Memory control circuit design and analysis

Simulation setup

The simulations were conducted using WRSPICE⁴³, a version of SPICE designed for superconductor electronic designs. The resistively and capacitively-shunted JJ model employed in the simulations is based on MIT Lincoln Laboratory’s SFQ5ee 100 $\upmu {\text {A}}/\upmu {\text {m}}^2$ fabrication process³⁴ with an $I_C R_n$ value of 1.65 mV. Bias sources consisted of resistors tied to a voltage bias line, with resistor values chosen for the equivalent current listed. Bias was ramped up from zero to the nominal value. To generate SFQ input pulses from an input DC current stimulation, DC-to-SFQ converters were utilized. The subsequent analysis does not consider parasitic inductances associated with shunt resistors, as their impact on circuit performance has been determined to be negligible⁴⁴.

Circuit design

For the design of the memory controller’s key components, as illustrated in Figs. 4, 5, and 6, we began with publicly accessible schematics^45,46. To achieve a higher operational frequency and wider bias margins, the number of JJs on the critical path of the corresponding circuit was minimized. To accomplish this, we designed a DRO cell with 4 JJs that matched the critical currents of JJs in the neighboring cells, resulting in improved signal quality. Additionally, the original DRO2R design features output paths that are symmetrical. However, as depicted in Fig. 2, only the Q0 output (data_out0) is connected to the delay line loop. To meet the timing demands of the loop, the internal path from data_in to data_out0 was shortened. The serial inductors in the Merger design were also reduced from their initial values to improve critical path latency. Finally, we eliminated active Splitter cells⁴⁵, which are commonly used to provide fan-out for shared nodes but incur an overhead of 3 JJs each, by adopting a recently-proposed $I_C$ ranking technique⁴⁷. The combined modifications resulted in a memory controller circuit that comprises 29 JJs and a logic path delay of ~ 10 ps, which is determined by the sum of the DRO2R cell’s setup and propagation delays, averaged over its bias margins.

Analysis

To evaluate performance, the timing resolution was set to 0.5 ps, which was interpolated from the internal step size used by WRSPICE, and delays were measured as peak-to-peak values. Specifically, the DRO and DRO2R propagation delays were measured as the clock-to-Q delay, and the Merger propagation delay was measured as the delay from either input to the output. To determine the upper and lower time bounds of each cell, detailed bias margin analyses were conducted. For bias margin measurements, we started at the nominal voltage and decremented by steps of 1% of the nominal voltage over the bias range where the circuit operates, to locate the lower limit. We then incremented the nominal voltage to locate the upper limit. Static timing analysis using minimum and maximum intervals was performed to ensure that the timing at the limits of the bias margins meets the hold, setup, and propagation time requirements at different target frequencies.

Memory density analysis

The memory density of the PTL delay line was calculated using the equation:

$$\begin{aligned} Density = \frac{f}{w \times v}, \end{aligned}$$

(1)

where f represents the operating frequency of the memory controller in Hz, w is the PTL pitch in m, and v is the travel speed of single flux quanta in m/s.

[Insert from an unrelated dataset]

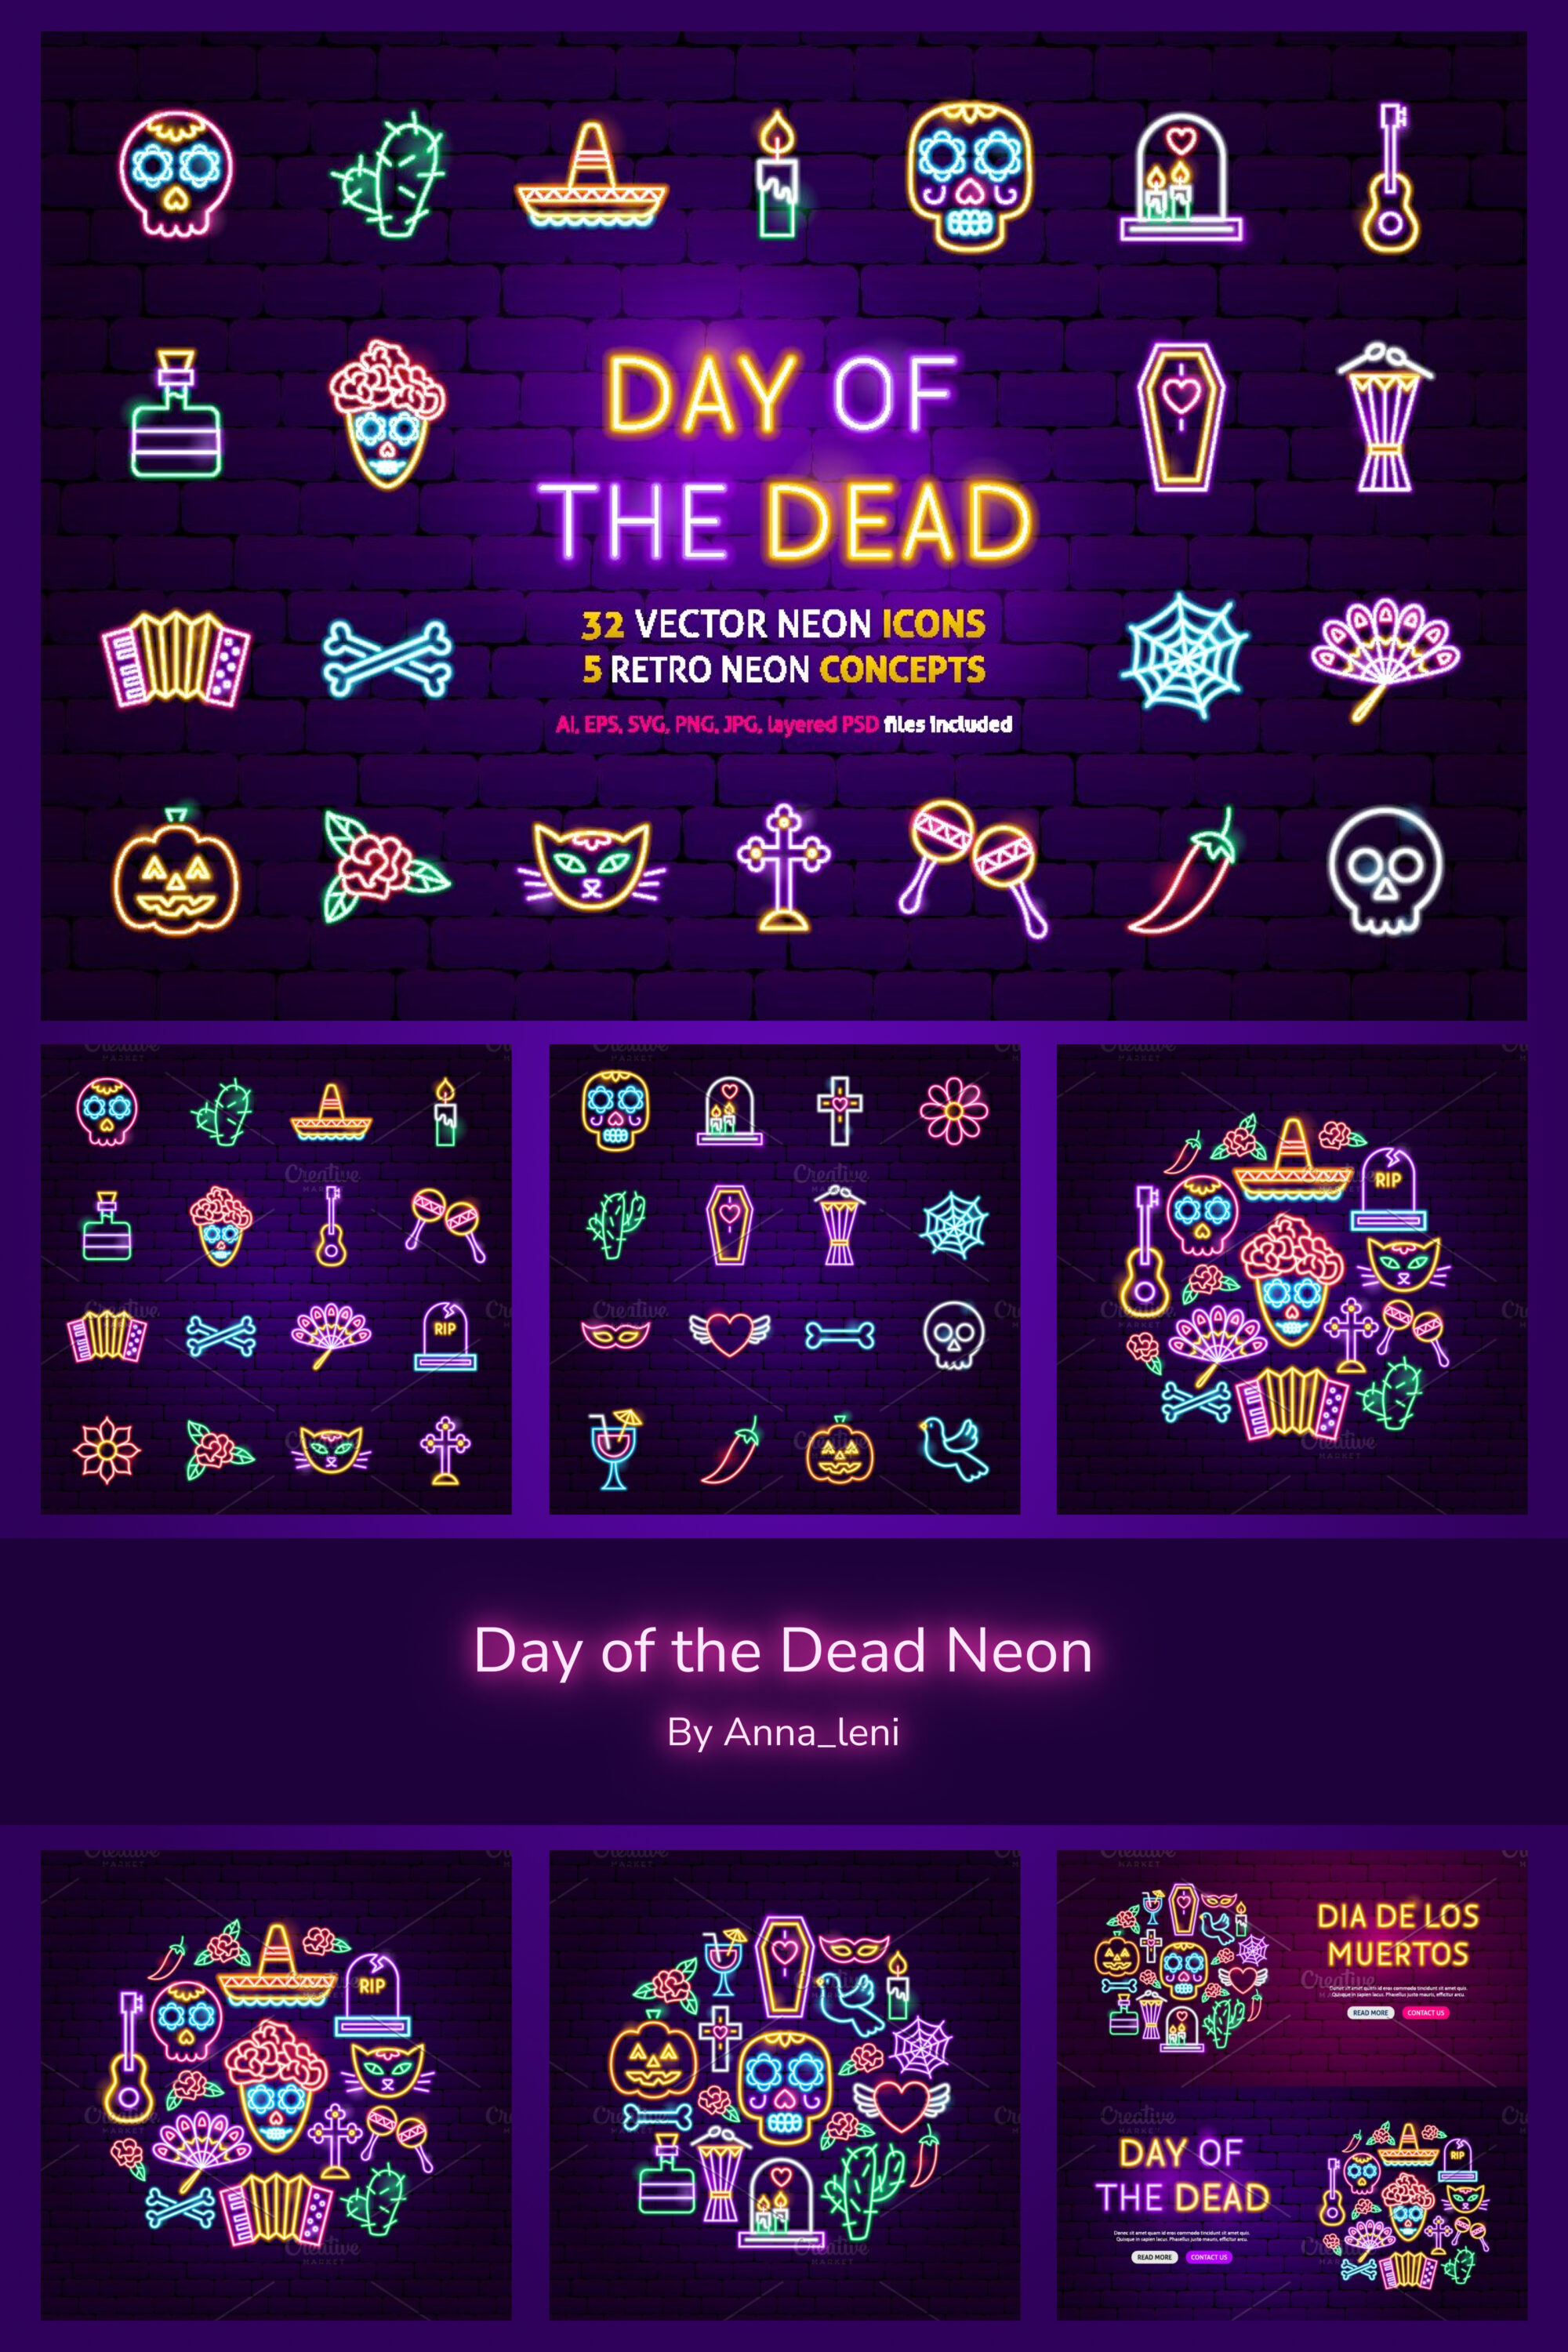 Day of the dead neon of pinterest.

Controller operational frequency and PTL pitch

The delay results shown in Fig. 7 indicate a maximum controller operational frequency of 100 GHz. In the conducted memory density analysis, as summarized in Table 1, the value of f is selected to span from this value down to 20 GHz to highlight the trade-off between density versus bias margins, as suggested by the findings presented in Fig. 8. Regarding the PTL pitch—the sum of the PTL linewidth and minimum spacing requirement—this is typically determined by the fabrication process. For example, the well-established SFQ5ee³⁴ process allows for the reliable fabrication of Nb and MoN microstrips and striplines with a 250 nm linewidth and 250 nm spacing, or a pitch of 500 nm. The more advanced SC2³³ process can reduce the pitch to 240 nm. Further miniaturization down to a pitch of 135 nm and smaller is possible using e-beam lithography³⁶.

Travel speed

The velocity factor equation was used to determine the travel speed (v) of single flux quanta in PTLs constructed with different materials. The equation is given by:

$$\begin{aligned} v = \frac{1}{c\sqrt{L \times C}}. \end{aligned}$$

(2)

Here, c is the speed of light in m/s, L is the inductance per unit length in H/m, and C is the capacitance per unit length in F/m. The capacitance and inductance values used in the calculations were sourced from literature and are shown in Table 1. In cases where geometric inductance is significant, such as in Nb striplines, the inductance scales non-linearly and must be evaluated at each linewidth individually. Based on available experimental measurements³³, a 250 nm-wide Nb stripline has 0.5 pH/$\upmu$m, while a 120 nm-wide line has 0.65 pH/$\upmu$m. For high-kinetic inductors like MoN and NbTiN striplines and MoN microstrips, the kinetic inductance is directly proportional to the length of the inductor and inversely proportional to its width. This can be calculated by multiplying the known inductance per square values of 8 pH/$\square$ for MoN striplines and microstrips⁴⁸ and 49 pH/$\square$ for NbTiN striplines³⁵ by the unit length divided by the linewidth. Regarding their capacitances, we relied on recently-published fabrication results³³. For instance, a stripline having a linewidth of 120 nm has a capacitance of 0.19 fF/$\upmu$m, which is solely determined by the dielectric material and geometry. Similarly, a microstrip having a linewidth of 120 nm has a capacitance of 0.14 fF/$\upmu$m. For the 40 nm NbN nanowires, experimental measurements yielded an inductance of 82 pH/$\square$ or 2050 pH/$\upmu$m for this width, and a capacitance of 0.044 fF/$\upmu$m³⁶. Lastly, inductance and capacitance values for 15 nm NbN nanowires were obtained from simulation results³⁶. Effects of coherent quantum phase slips (CQPS) have been observed in NbN films with comparable cross-sectional dimensions⁴⁹. Nevertheless, these effects do not present an issue here, as the kinetic inductance of the films, even with the most extreme linewidths considered, is still one order of magnitude lower than what has been used to observe CQPS. Consequently, the phase-slip amplitude in our case will be $e^{-9}$ times lower than in systems in which CQPS has been shown to be a significant contributor to conductivity⁵⁰ , and for this reason, we neglect it in our analysis.

Layer stacking

An approach to further enhance memory density is by vertically stacking multiple layers of PTLs. In this case, the memory density increases linearly with the number of PTL layers, denoted by N in the equation that follows:

$$\begin{aligned} Density = \frac{f}{w \times v}\times N. \end{aligned}$$

(3)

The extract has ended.